Se perdre en montagne!
En ce début de période estivale propice à la randonnée , cinq à six appels au secours quotidiens parviennent au standard du PGHM. Des personnes inquiètes signalent la disparition d’un proche. Il s’agit dès lors pour nous, secouristes, de localiser une personne isolée dans le milieu montagnard en ignorant d’emblée sa position , mais aussi son état de santé. La chose est loin d’être aisée dans l’immensité d’un massif montagneux très boisé , au relief tourmenté et pourtant parcouru d’innombrables sentiers.
La gendarmerie sait mobiliser tous ses hommes pour mener simultanément enquête et secours. Parfois, des semaines d’investigations seront nécessaires pour élucider le mystère d’un accident, d’une disparition. L’erreur humaine est très souvent à l’origine des drames montagnards. Aujourd’hui, on intervient peu sur des victimes mal équipées. Beaucoup de pratiquants ignorent ou transgressent les deux règles fondamentales de la randonnée qu’il convient de rappeler :
Ne pas pratiquer la montagne seul.
Partir seul est une mode , se séparer et abandonner son compagnon de route est aujourd’hui une pratique courante. C’est sans compter qu’une personne isolée ne pourra bénéficier dans des délais raisonnables d’un prompt secours puisqu’il faudra déjà la trouver. Quand en plus, elle porte des vêtements camouflés, ne dispose pas d’un téléphone et n’ a pas indiqué à quelqu’un son itinéraire et ses horaires, l’opération devient difficile, longue et coûteuse en moyens dispensés.

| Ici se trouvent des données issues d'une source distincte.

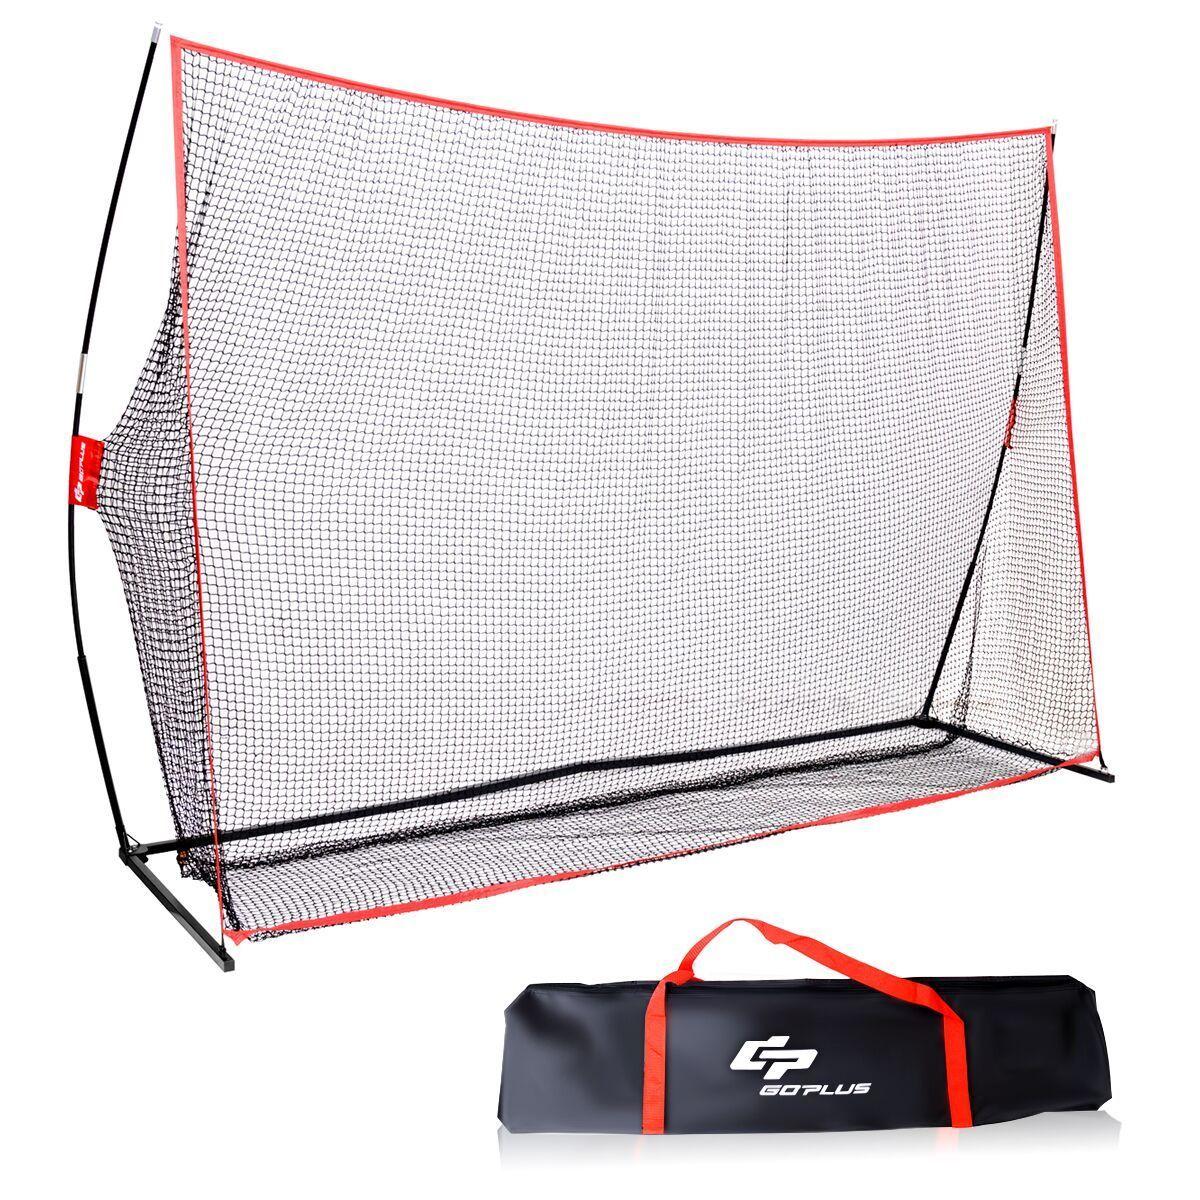 Goplus 10'x7' Golf Practice Net Training Hitting Personal

Quand elle peut le faire, la personne en difficulté doit savoir se faire repérer en criant, en agitant des vêtements, en se positionnant dans une clairière, en faisant un feu… L’hélicoptère soumis à des contraintes de vol peut passer trop vite et il est impossible de repérer quelqu’un qui ne manifeste pas sa présence. Le fluo, le rouge, le jaune, le blanc sont des couleurs très visibles .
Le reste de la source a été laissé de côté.